→ **ENTRIES SHOWN**:

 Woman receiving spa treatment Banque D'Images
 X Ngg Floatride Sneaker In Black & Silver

...

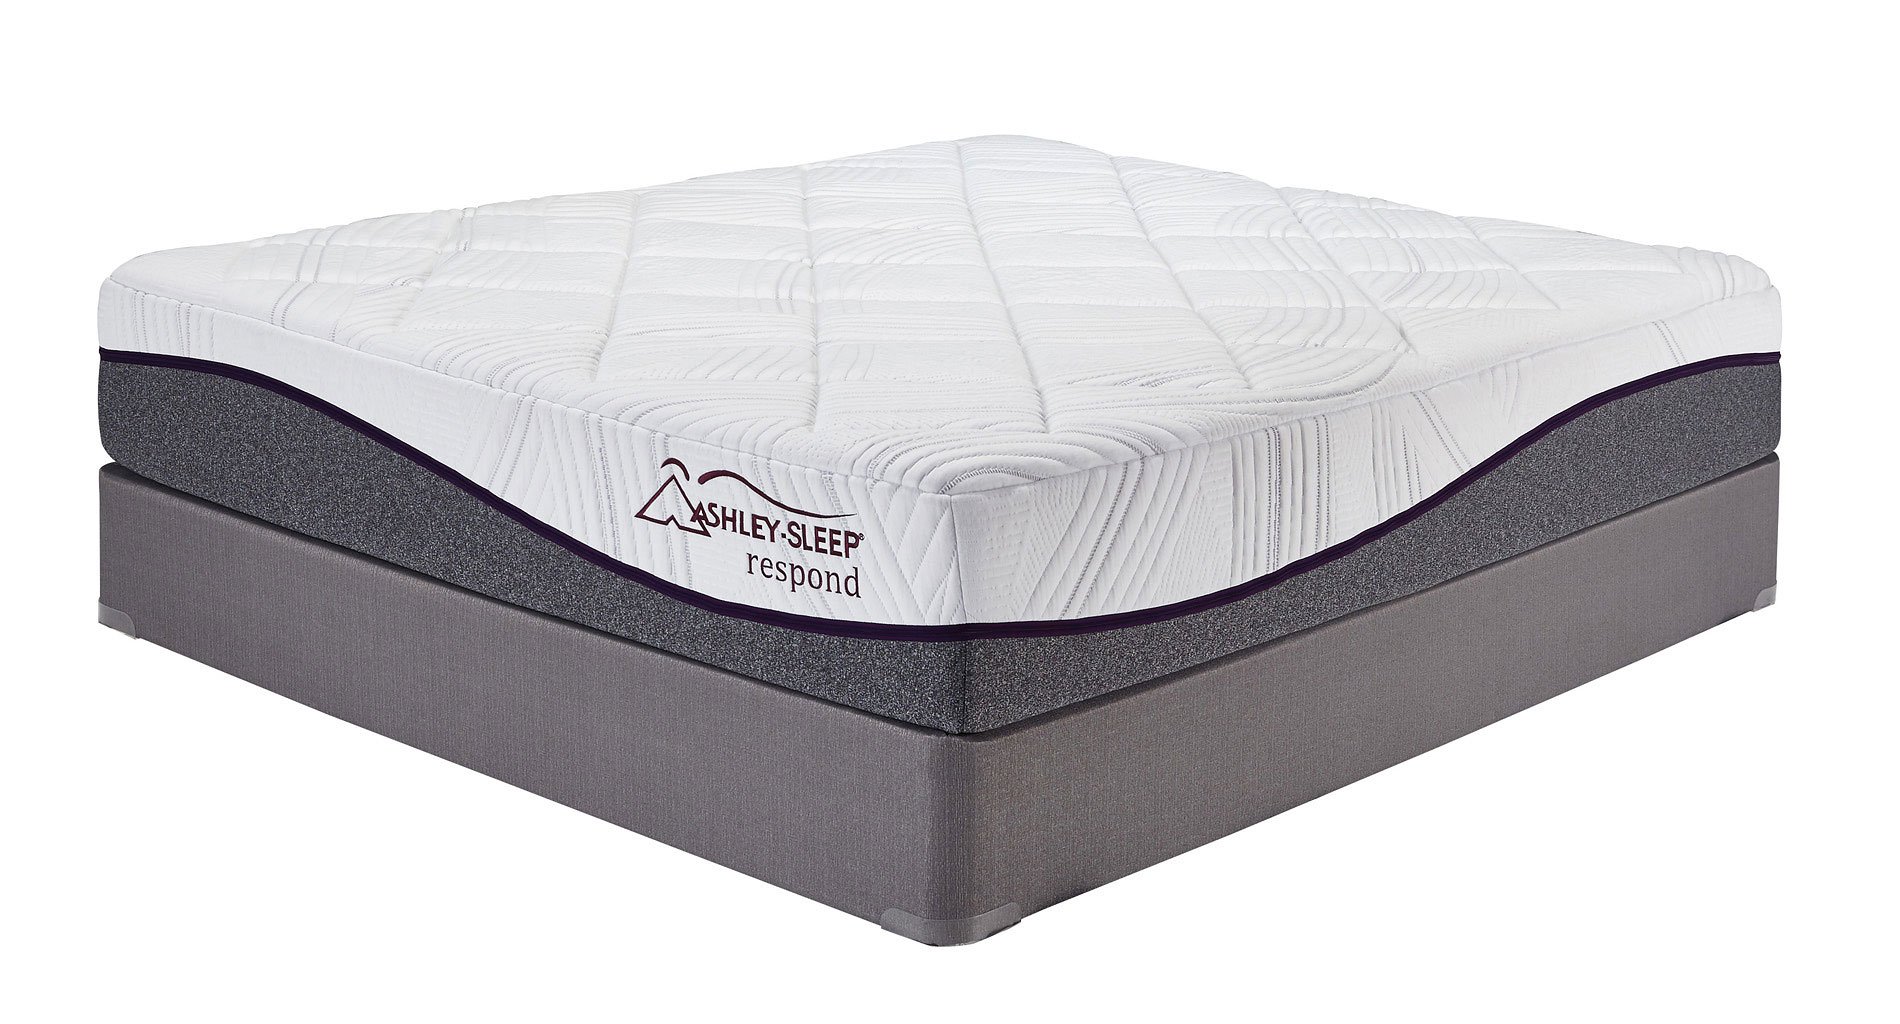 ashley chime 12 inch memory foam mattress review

→ **WHAT THIS TASK INVOLVES**:
Take the entries above and return only the lines from the one with "Woman receiving spa" to the one with "X Ngg Floatride Sneaker In Black & Silver", both included, unchanged.

→ **WRITTEN ANSWER**:
 Woman receiving spa treatment Banque D'Images
 X Ngg Floatride Sneaker In Black & Silver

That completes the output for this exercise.